The S&P 500 Index (SPX) fell more than 10% on a closing basis from late January through the first couple weeks of February. Despite that drop, however, the index was slightly positive in the first half of the year. Going back to 1929 (as far back as we have S&P 500 data), there have been just 10 other years in which the index suffered a 10% pullback but was still positive at the year’s midpoint. The second half of those years tended to outperform other years at the expense of higher-than-normal volatility, as measured by the standard deviation of returns.
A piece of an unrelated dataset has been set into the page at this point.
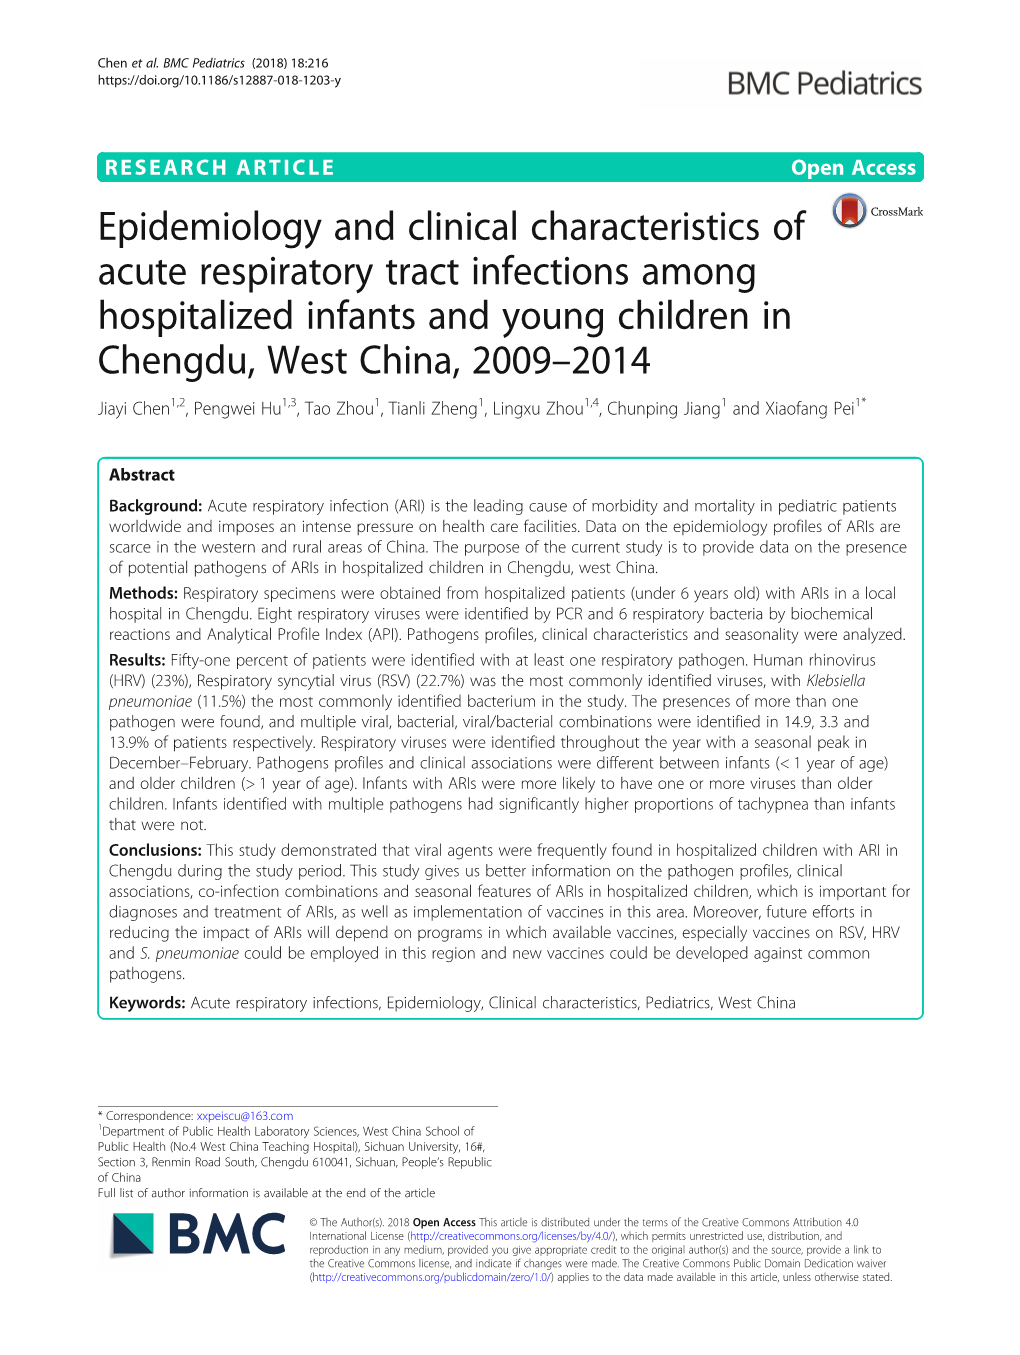 Epidemiology and Clinical Characteristics of Acute Respiratory

July tended to perform especially well in those years, averaging a 2.62% gain with 70% of the returns positive. In other years since 1933 (the year of the first signal), July has averaged a gain of less than 1% with 55% of the returns positive. The next six months averaged a 9.70% gain, compared to a 3.55% gain in other years.

spx 10 percent down

Here is a list of those years I mentioned above. The last instance was 2009, which was the culmination of the financial crisis and the beginning of the current long-term market rally. The time before that was 2003, which also marked a major bottom and the beginning of a long-term rally. This time is markedly different than those two occurrences.

spx pullback but higher

Years Similar to 2018

I occasionally use a least-squares method to find similar chart patterns. Doing this with the first half of 2018 (using the S&P 500), I found the three years in the chart below that have the most similar chart patterns so far. Specifically, 1952 and 2004 saw significant volatility in the second half of the year, but ultimately gained over 6% in the second half. Meanwhile, 1993 saw less volatility than those years but the index saw a smaller gain of about 3.5%.

spx similar years

If I look at the 10 years most similar for the S&P 500, I get the data below. The earliest year is 1944, so I looked at returns since then for comparison. Typically, July has been strong, but stocks tend to struggle in August and September. The similar years mimic that, with July being weaker than normal. Looking at the next six months shows an average 5% return, which isn’t too far off the typical return of 4.30%. The consistency of positive returns, though, has been impressive, with nine positive years in the 10 most analogous years.